New shell crosslinked micelles from dextran with hydrophobic end groups and their interaction with bioactive molecules

• Micelles formed by dextran hydrophobically end modified were stabilized by crosslinking.
• The parameters of divinyl sulfone crosslinking reaction were studied.
• Crosslinked micelles were functionalized through introduction of cationic groups.
• Crosslinked micelles and their cationic derivatives are potential supports for drug delivery.
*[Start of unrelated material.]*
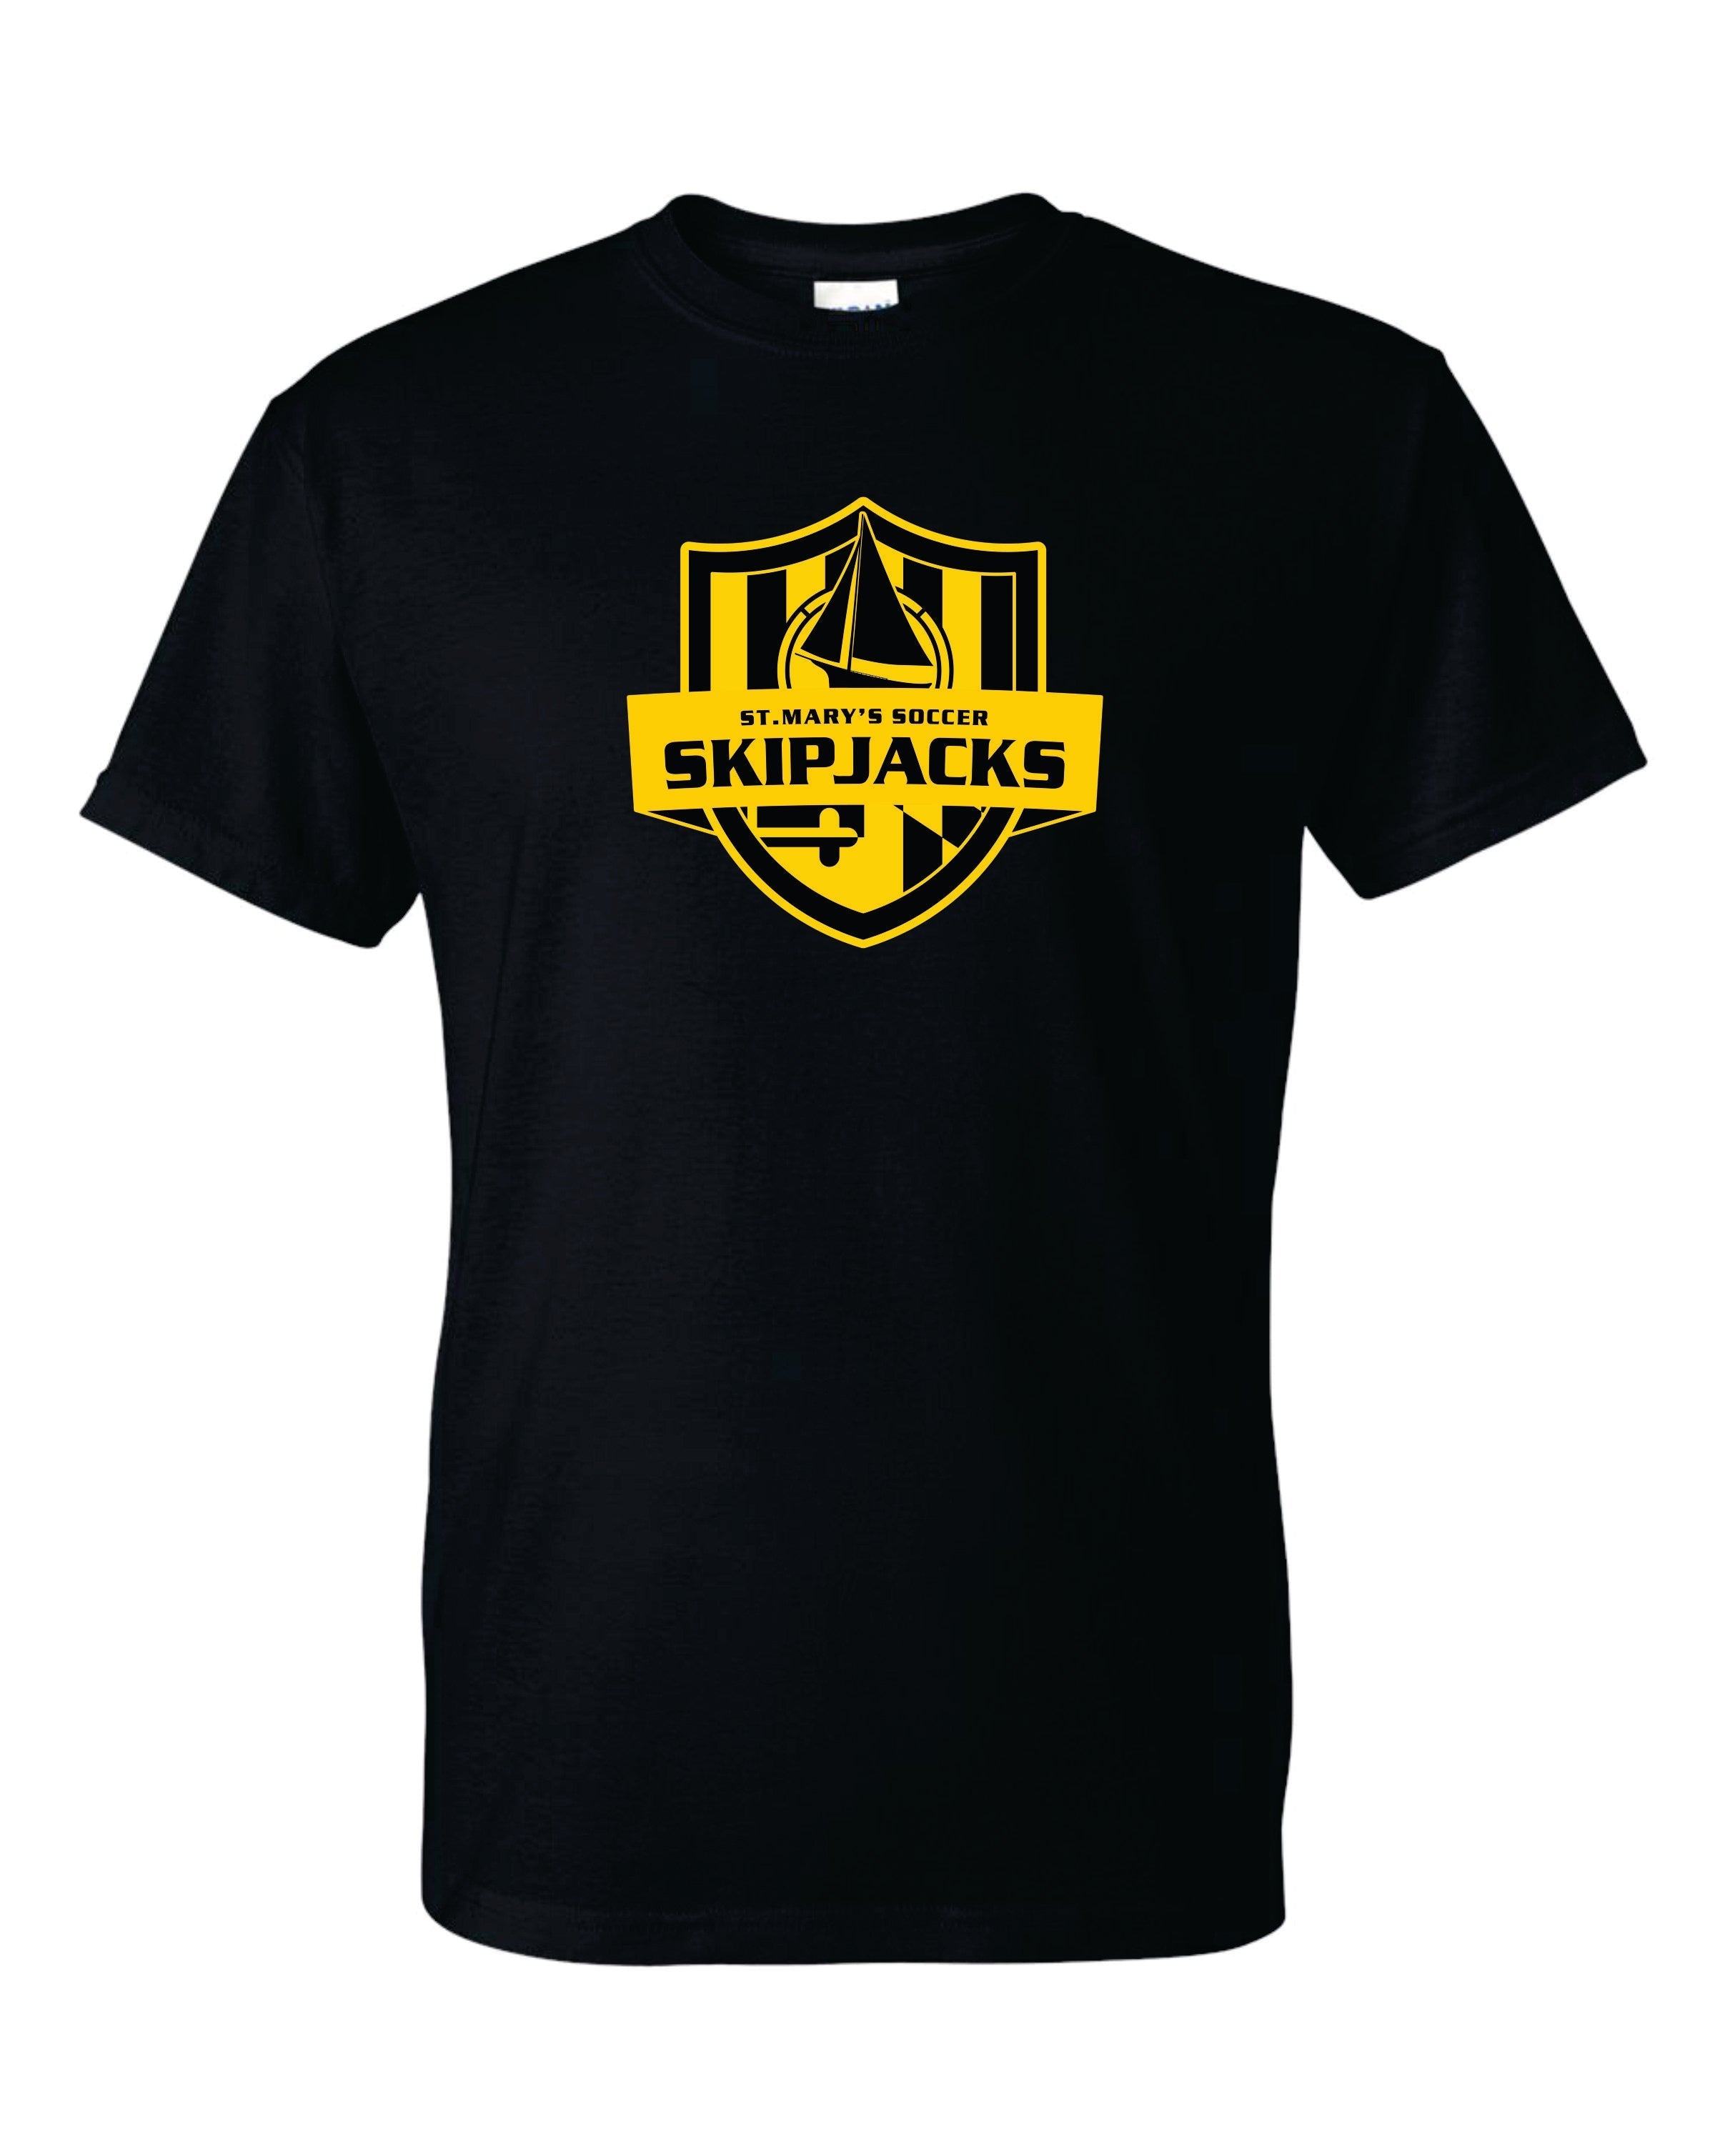 Skipjacks Short Sleeve T-Shirt 50/50 Blend YOUTH

Micelles formed in aqueous solution by dextran with hydrophobic (alkyl) end-groups were stabilized through divinyl sulfone crosslinking of the dextran shell. The efficacy of the crosslinking reaction was influenced by the divinyl sulfone amount, the pH and micelle concentration. Crosslinked micelles with a moderate crosslinking degree were further functionalized by attachment of 10 and 17 moles% N-(2-hydroxypropyl)-N,N-dimethyl-N-benzylammonium chloride groups along the dextran chain. The size and shape of both crosslinked micelles and their cationic derivatives were analyzed by DLS and TEM. The prepared micelles were able to bind anionic diclofenac (60–370 mg/g), hydrophobic anionic indometacin (70–120 mg/g), and hydrophobic alpha-tocopherol (170–220 mg/g) or ergocalciferol (90–110 mg/g) by hydrophobic or/and electrostatic forces. The release experiments and the antioxidant activity of bound alpha-tocopherol highlighted the potential of the new nano-sized micelles mainly as carriers for prolonged and controlled delivery of hydrophobic drugs.